Megalospora occidentalis

Scientific classification
- Domain: Eukaryota
- Kingdom: Fungi
- Division: Ascomycota
- Class: Lecanoromycetes
- Order: Teloschistales
- Family: Megalosporaceae
- Genus: Megalospora
- Species: M. occidentalis
- Binomial name: Megalospora occidentalis Kantvilas (1994)
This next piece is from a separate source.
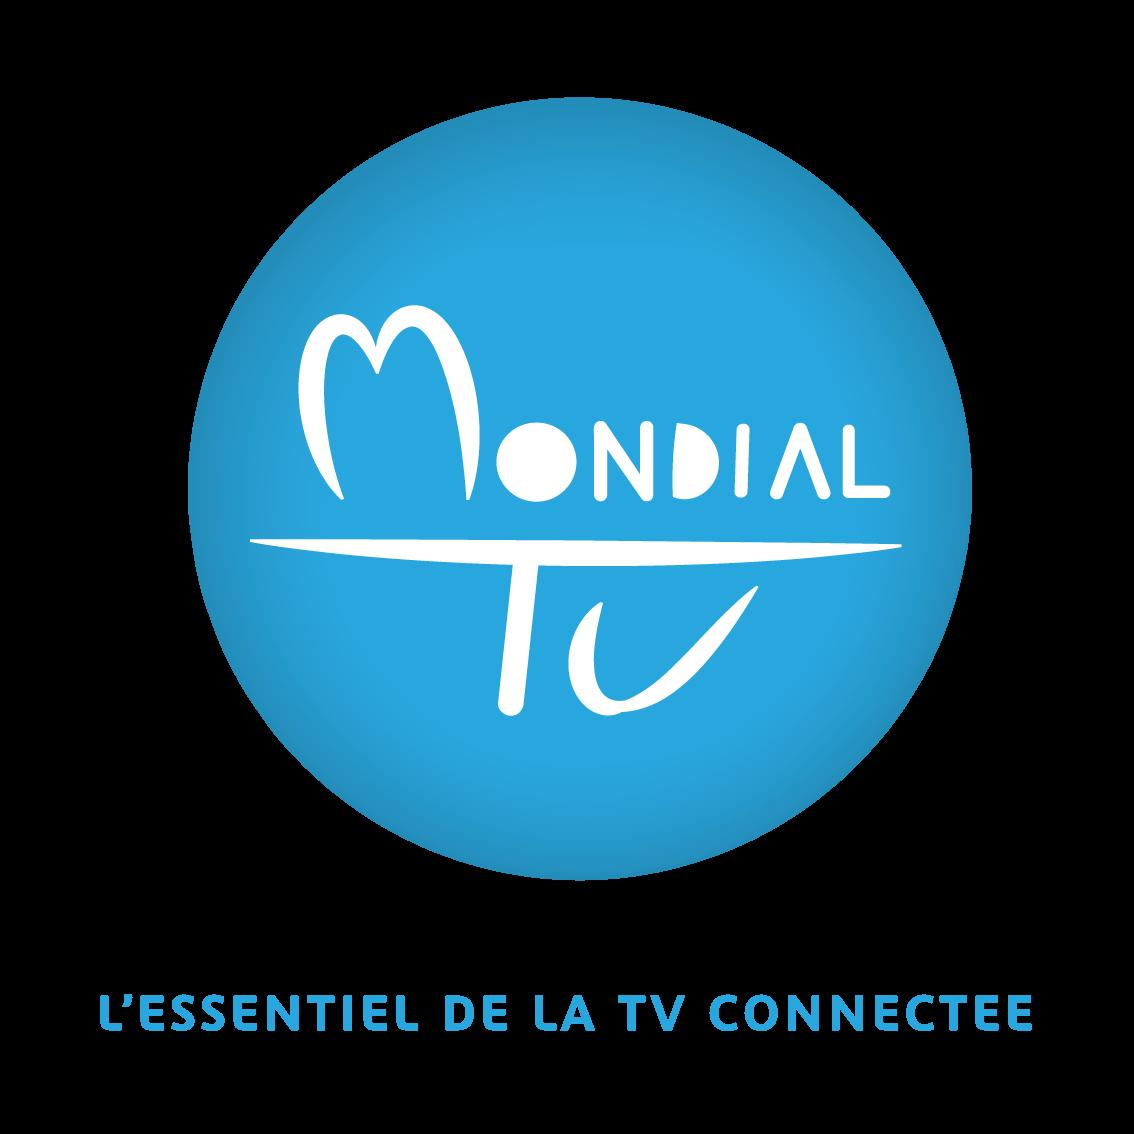 Mondial TV

= Megalospora occidentalis =

- Authority: Kantvilas (1994)

Species of lichen

Megalospora occidentalis is a species of corticolous (bark-dwelling), crustose lichen in the family Megalosporaceae. Found in Australia, it was formally described as a new species in 1994 by lichenologist Gintaras Kantvilas. The type specimen was collected along the Vasse Highway in Beedelup National Park (Western Australia) at an altitude of 100 m; here, in a karri-dominated wet sclerophyll forest, it was found growing on Trymalium floribundum. The lichen has a thin, pale grey to glaucous-grey thallus that usually has scattered soredia. Its ascospores are oblong to ellipsoid in shape, measuring 50–90 by 20–30 μm. They are muriform, meaning they are divided into many internal cells, up to about 22 by 10. The species contains the lichen products pannarin and zeorin. The author named it occidentalis because, at the time of writing, it was the only Western Australian species known in genus Megalospora.